What’s the Deal With These Sculptures?

I’ve read that everything we ever experience is stored away in our brain somewhere. All the songs, pretty flowers, car horns, piles of dog crap, bowls of chocolate chip mint ice cream, dumb sci-fi movies, steam burns, Thanksgiving dinners – everything we’ve ever noticed and didn’t notice – is recorded. At some point I guess we’re walking around with a pretty impressive portion of the world in our heads.

One theory about creativity is that inspiration comes from a mixture of these kernels of life rearranged into something new. Our senses are constantly processing input from everything around. We’re making little tools in our heads to solve some problem in the future or we’re trying to find meaning in an often confusing life.

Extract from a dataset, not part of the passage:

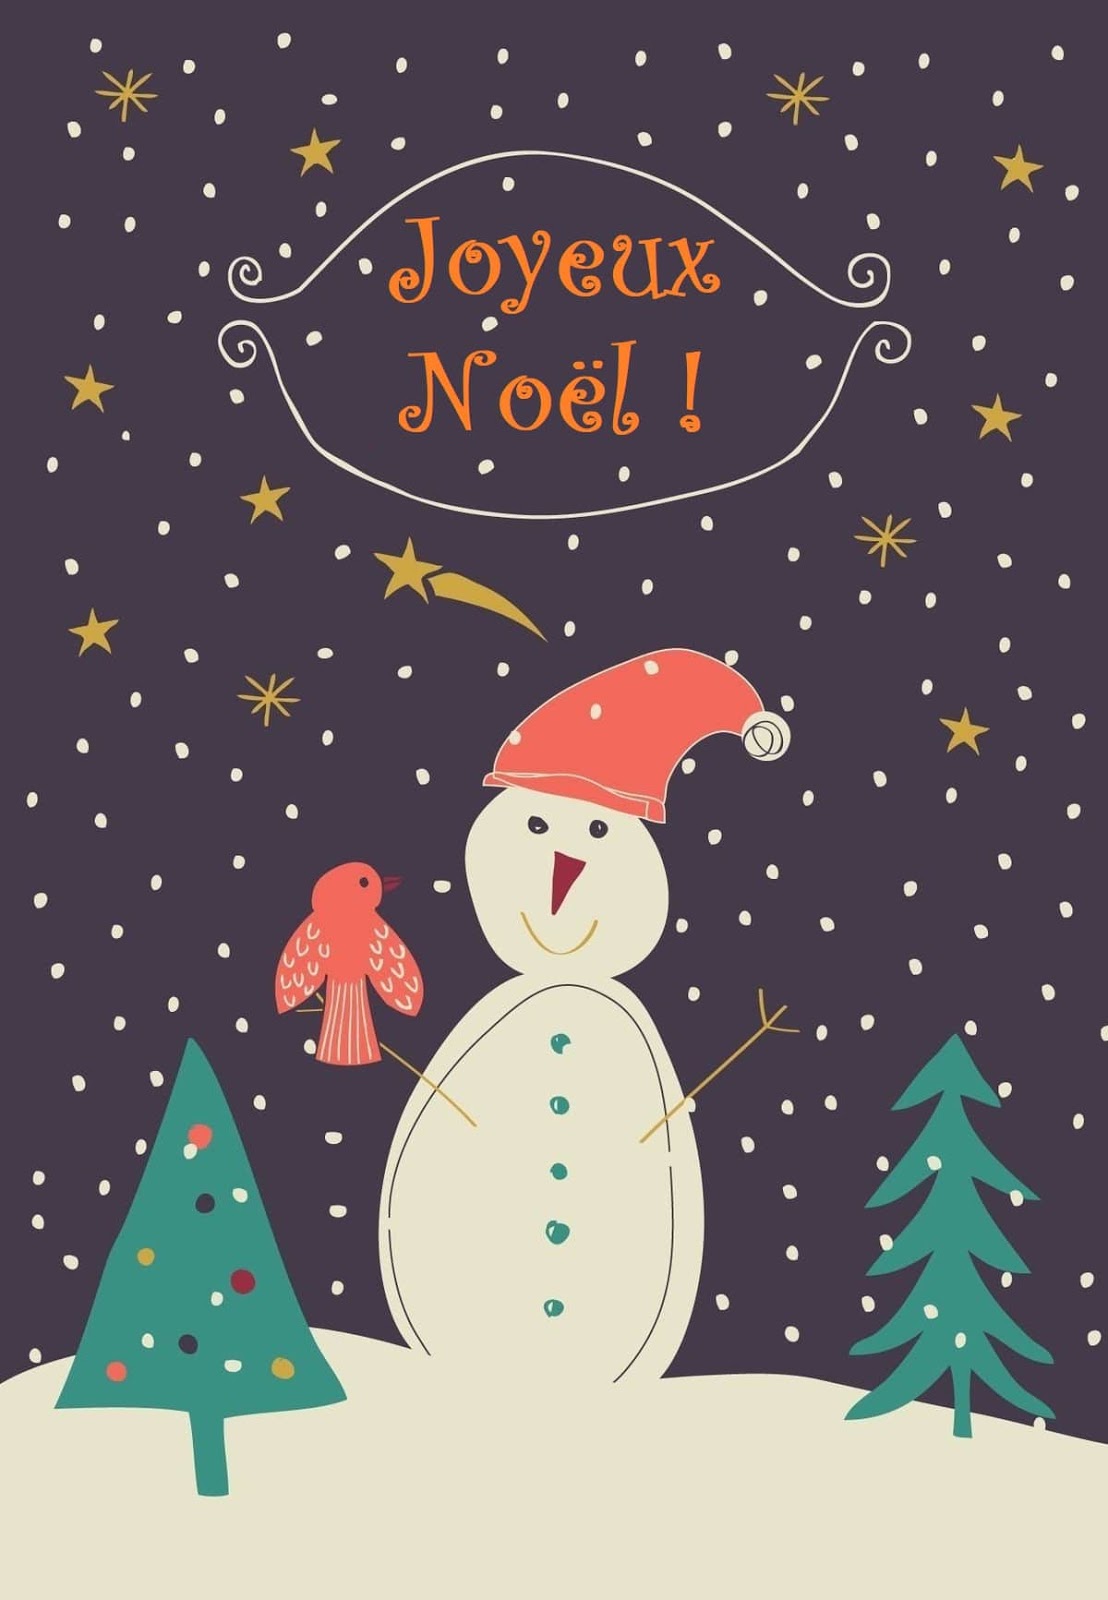 Joyeux Noel Images Cartes De Vœux Adorables Poesie D Amour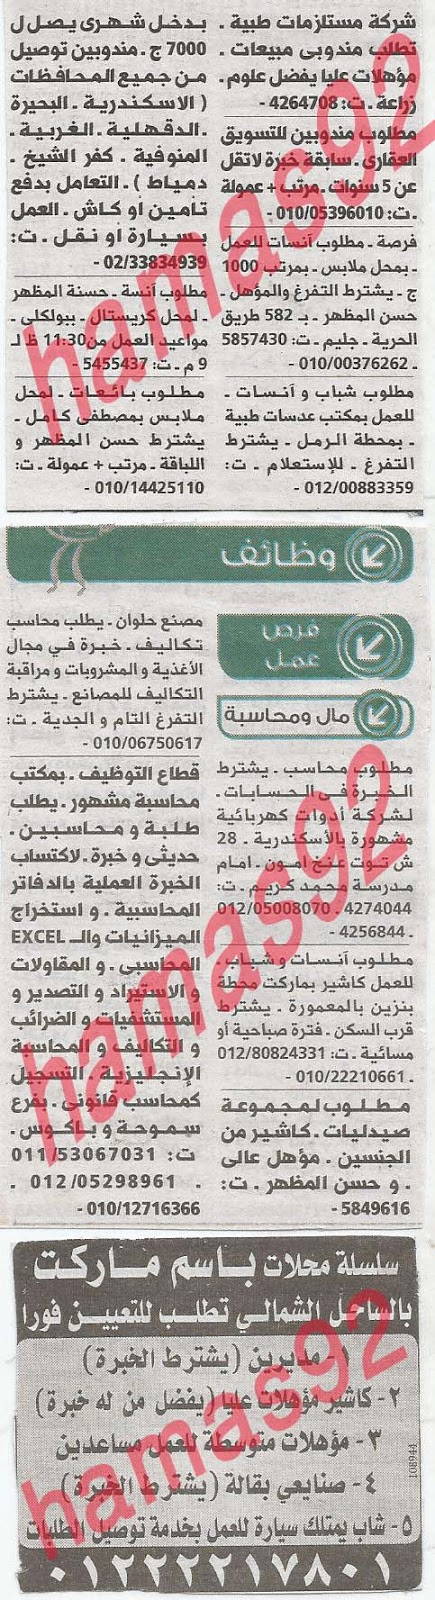 وظائف خالية فى جريدة الوسيط الاسكندرية الثلاثاء 23-04-2013 %D9%88+%D8%B3+%D8%B3+10

As each of us experience the world in our unique way, storylines begin to emerge. The sculptures I make are probably a snapshot from one of these stories. Just some strange idea that rattles around for a while. I turn it over and over and over, and at some point I begin to see what it might be and what story it might want to tell.

When I get one of these ideas, I begin to draw and paint digitally to work out a plan. I use research, do some color study, and try to mine out the parts of the concept that I think are the most interesting. By the time I’m done with the painting I have a good idea of what I’m making. Most of the prints I have available are the final versions of these paintings.

 

This is the subject of the print for KR31-B & TTM-346 4ever

 

Next I render the concept in poly-clay and whatever else is necessary. During this part of the process I’m solving engineering problems (usually making sure it stands up without falling) and getting the form the way I want. When I’m happy I begin to make molds from silicone, which often involves chopping the original up into pieces.

 

The beginnings of the first sculpture, made with poly-clay and metal

 

When the molds are finished I begin casting in whatever material makes sense, which is usually some type of resin. Resin is a polymer, basically a plastic. People use it to make tons of different things, from movie props to prototypes for inventions, action figures and designer toys, and even to fix teeth. I use it because I can make anything I want out of it in my studio, and the result is reasonably durable.

 

I have to chop up the original to be able to make molds of the piece

 

By the time I’m finished casting in resin, the piece is about 60% of the way to being finished. From here there’s a build process in which I remake the original form with sanding, attaching, priming, sanding, and more sculpting, and more sanding.

 

The build process is often varied from piece to piece

 

I then paint using acrylics with an airbrush and by hand. Some of the sculpts have a few different skins, or I come up with an alternate color scheme later, but for the first one I tend to stick to the painting.

 

In the process of painting KR31-B & TTM-346 4ever

 

The final step is to put a finish onto the sculpture to protect the paint. It also makes it shiny, which I like.

 

The final version!

 

These pieces are all hand-made from beginning to end. There is no industrial process involved. Since there is only so much time in the day, and since I’m always developing new things, they are all limited editions. To this date there are less than 10 of any one of these sculptures in existence, and I think the editions will always be small.

Almost everything is a story. It’s the basis of our communication. We get these random and strange ideas that may offer insight into something funny or scary or joyous or ridiculous about life as we experience it. I have an interest in turning these ideas into objects that really exist in the world. Something you can pick up, hold in your hand, and hopefully think some thoughts of your own about.